- Born: February 25, 1965 (age 61) Lázaro Cárdenas, Michoacán, Mexico
- Known for: Party of the Democratic Revolution politician and former legislator. Charged with links to organized crime (fugitive).

= Julio César Godoy Toscano =

Mexican businessman and politician (born 1965)

Julio César Godoy Toscano (born 1965 in Lázaro Cárdenas, Michoacán) is a Mexican businessman, politician and a former member of the leftist Party of the Democratic Revolution (PRD). He is half-brother of Leonel Godoy Rangel, former governor of the state of Michoacán. Godoy has served as Mayor of the municipality of Lázaro Cárdenas and was elected in 2009 to the Chamber of Deputies to represent Michoacán's first district; however, before being sworn in he was accused with ties with organized crime and money laundering. He evaded a 2009 arrest warrant by sneaking into his own swearing-in ceremony in order to obtain parliamentary immunity. Godoy was later disavowed by the party and stripped of his office when an audio recording was released of him apparently speaking with La Familia drug cartel leader. He remains a fugitive.

== Criminal charges ==
Godoy Toscano was charged in July 2009 with ties with La Familia Michoacana, a quasi-religious drug cartel based in the state of Michoacán that smuggle methamphetamine and marijuana to the U.S. The Federal Police alleged that Godoy Toscano was in charge of ensuring protection for La Familia drug cartel. Godoy avoided arrest and he remained a fugitive for 15 months.
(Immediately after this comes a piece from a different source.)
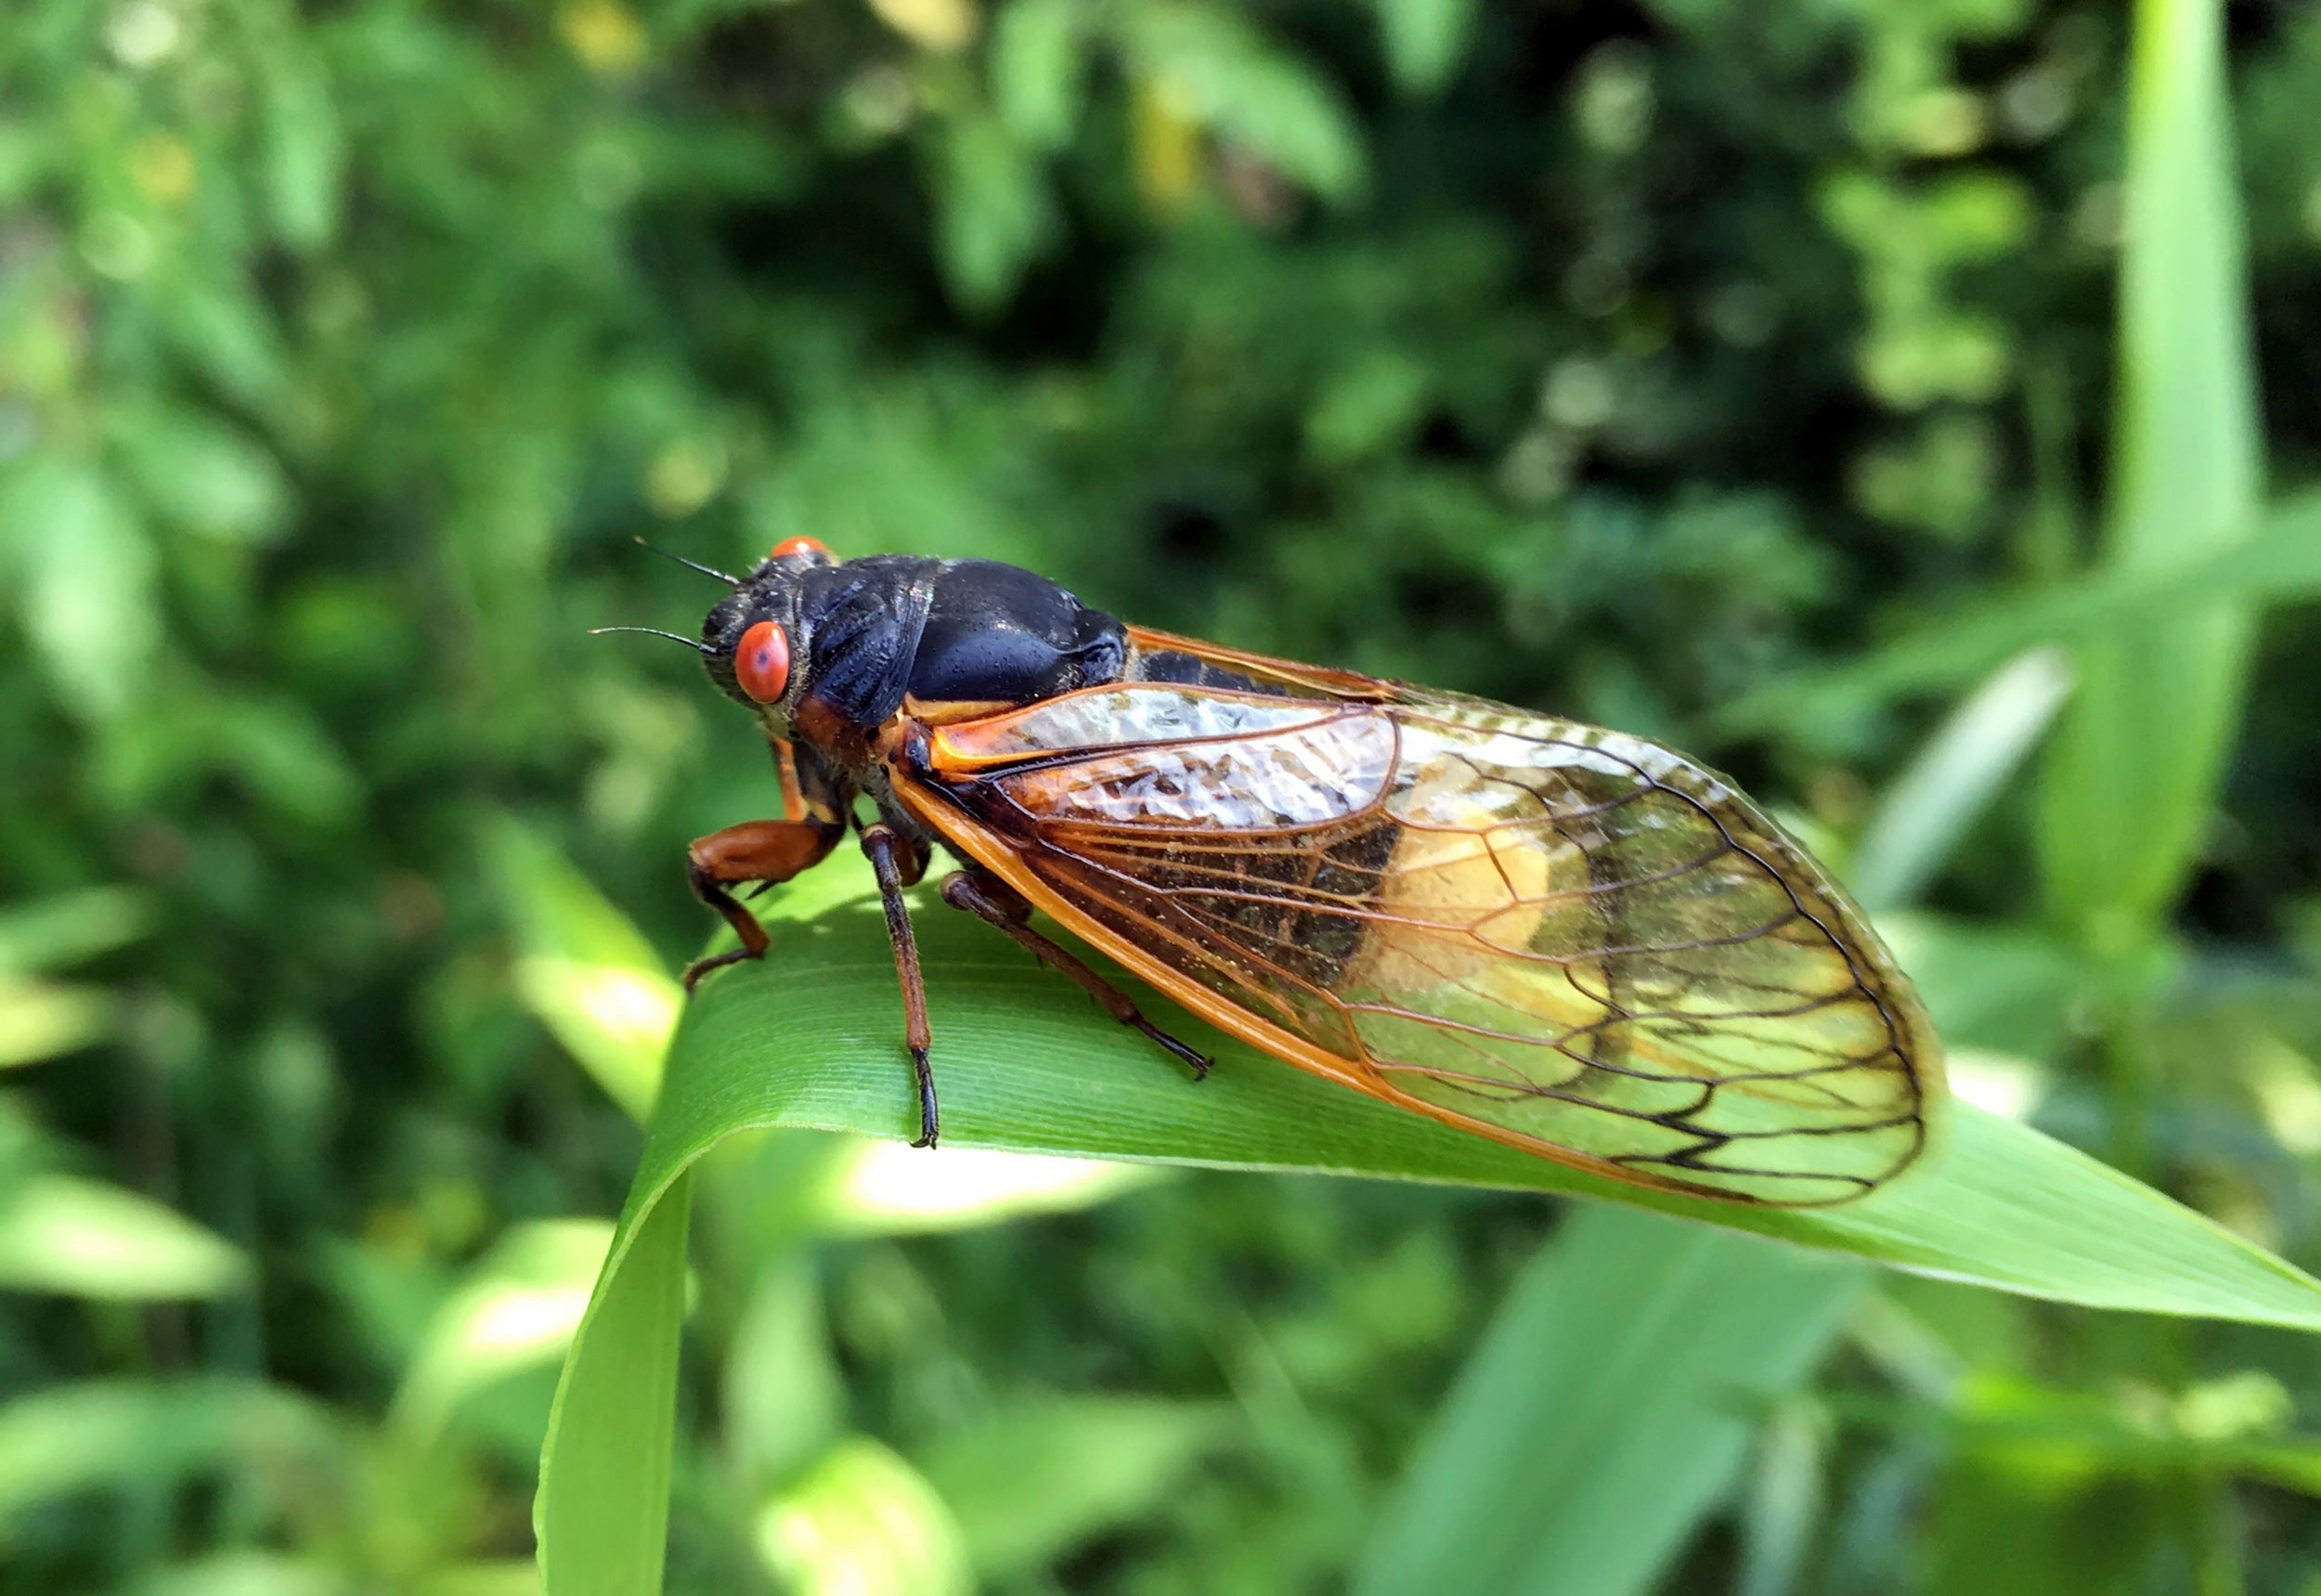 A newly infected periodical cicada at Powdermill Nature Reserve in Westmoreland County

===Immunity from prosecution===
In a bizarre legal development that took place on September 23, 2010, he evaded police checkpoints installed to prevent his entry to the Chamber of Deputies after a judge granted him an injunction, allowing him to be sworn in despite the 2009 arrest warrant and acquired parliamentary immunity (Spanish: fuero), as all Mexican elected officials do while in office. A spokesman for the federal Attorney General's Office said the injunction was granted because the judge felt Godoy's political rights had been violated by not letting him take his oath of office, and had nothing to do with the actual criminal case. However, the arrest warrant against Godoy Toscano remains valid.
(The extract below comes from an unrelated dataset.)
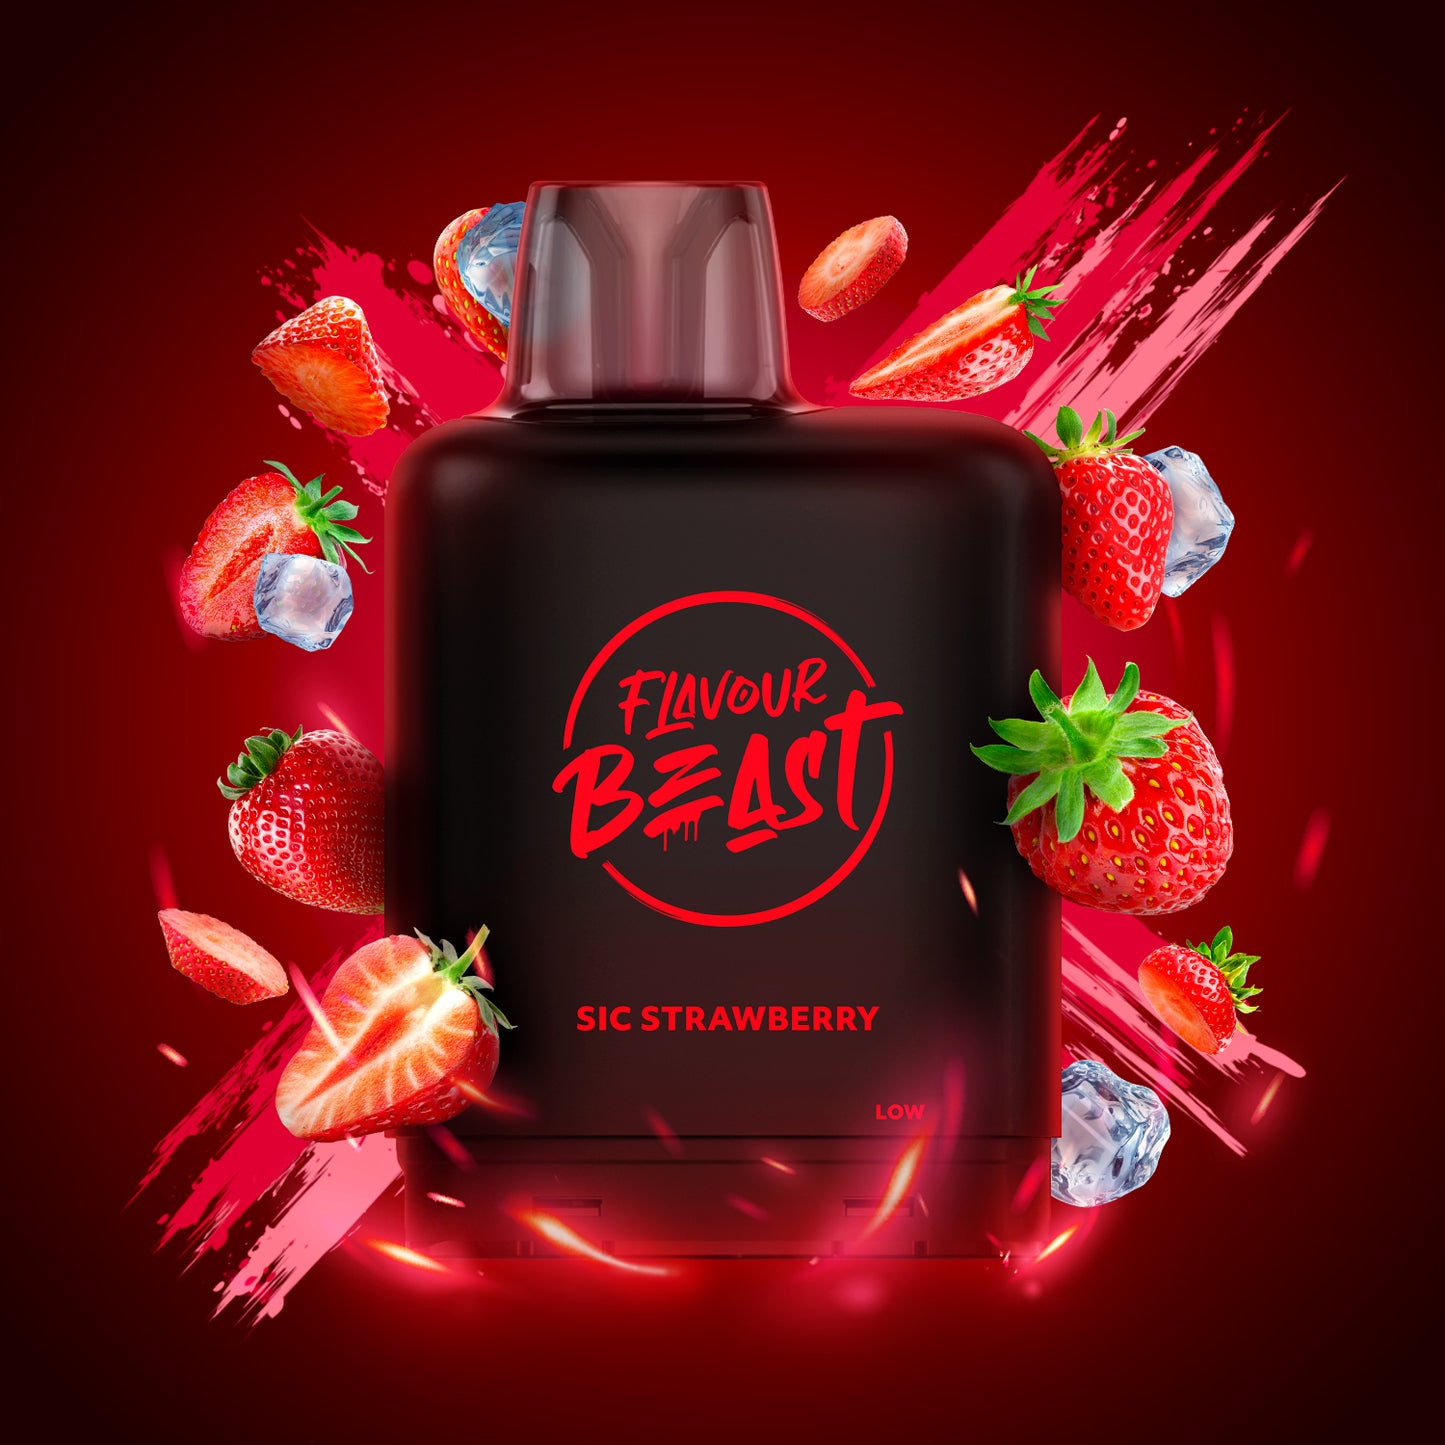 Level X Boost Pod - Flavour Beast - Sic Strawberry Iced

His position as a deputy gave him immunity, but the federal Attorney General's Office pressured legislators for his impeachment. One of the reasons the immunity exists is to shield sitting legislators from judicial harassment by opposition parties. It can be taken away only with a majority vote by legislators – the situation in which Godoy found himself.
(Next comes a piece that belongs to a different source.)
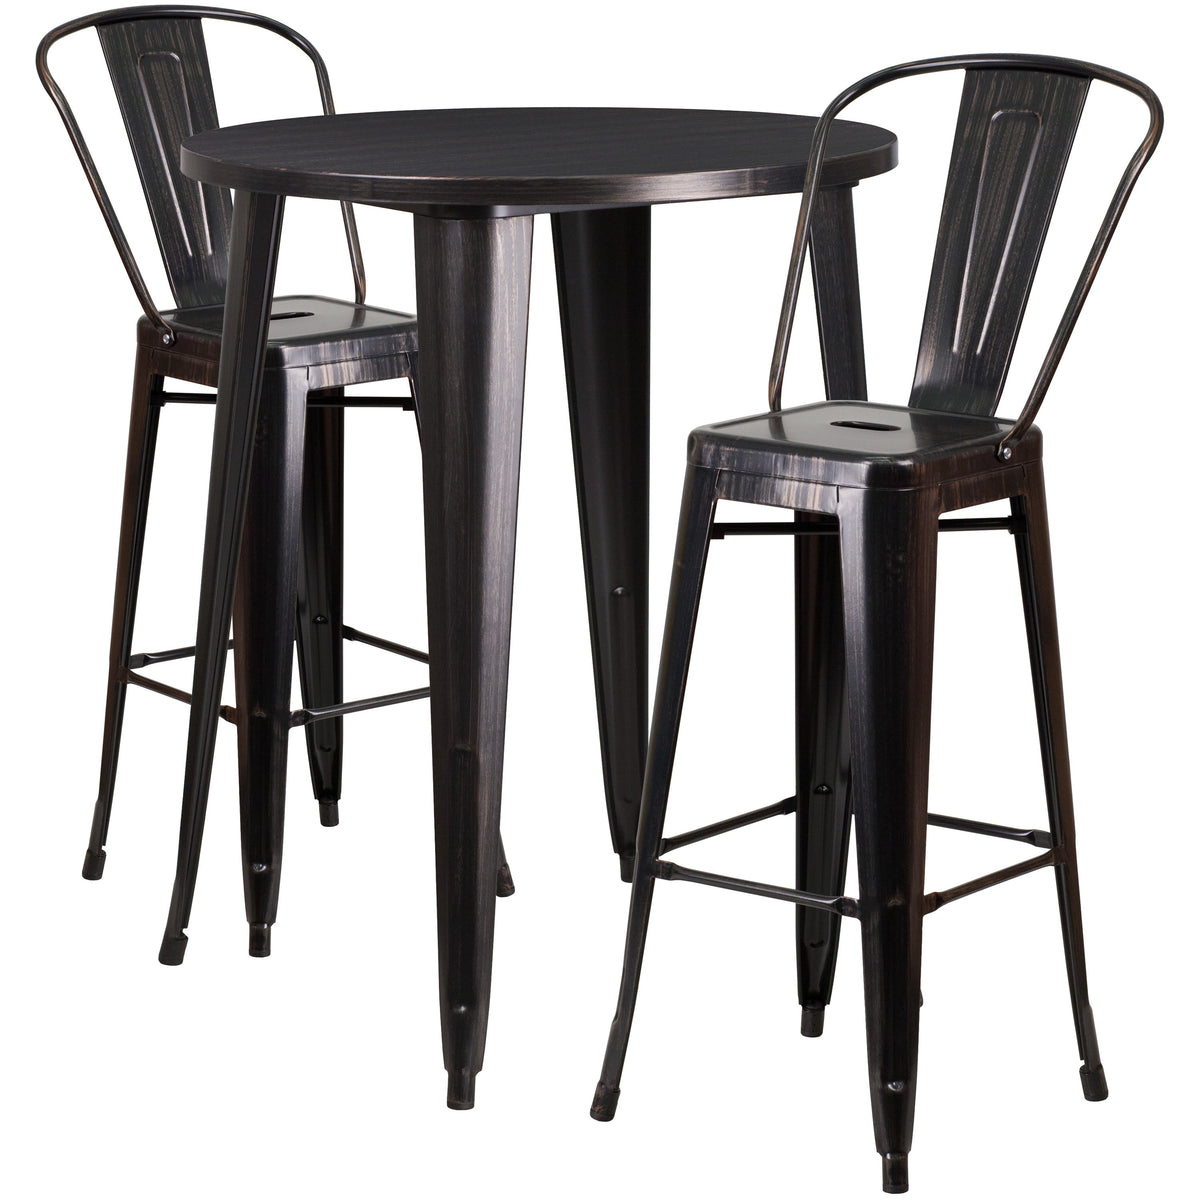 Black-Antique Gold |#| 30inch Round Black-Gold Metal Indoor-Outdoor Bar Table Set with 2 Cafe Stools

On October 14, 2010, the Federal Police "leaked" to the media one of several audio recordings of a conversation between Godoy and drug lord Servando Gómez Martínez. In the conversation – reportedly dating from July 12, 2009 – mutual favors and recommendations are shared between the two. In the conversation, drug lord Gómez Martínez asks Godoy to get the governor to intercede at the federal level "so the police will stop interfering". Five days after the leak of this recording, on October 19, Godoy resigned his membership in the PRD in order to "reduce the negative exposure" to his political party, while his peers at the PRD demand he faces the criminal charges, whether impeached or not. In October 2010 he had an additional charge for money laundering, and of having received 25 million pesos (about 2 million US$) from drug lord Servando Gómez Martínez.

===Impeachment===
On 14 December 2010, his fellow legislators impeached Godoy and revoked his immunity after voting 384–2, with 21 abstentions, though he could resume his legislative duties if exonerated of the charges. His replacement is Israel Madrigal Ceja.

Godoy is a fugitive again and is currently charged by the Attorney General of Mexico with ties with organized crime and money laundering, and he is expected to defend his own case in court if/when arrested. The Attorney General said on December 17, 2010, that he was calling on Interpol to help authorities capture Godoy.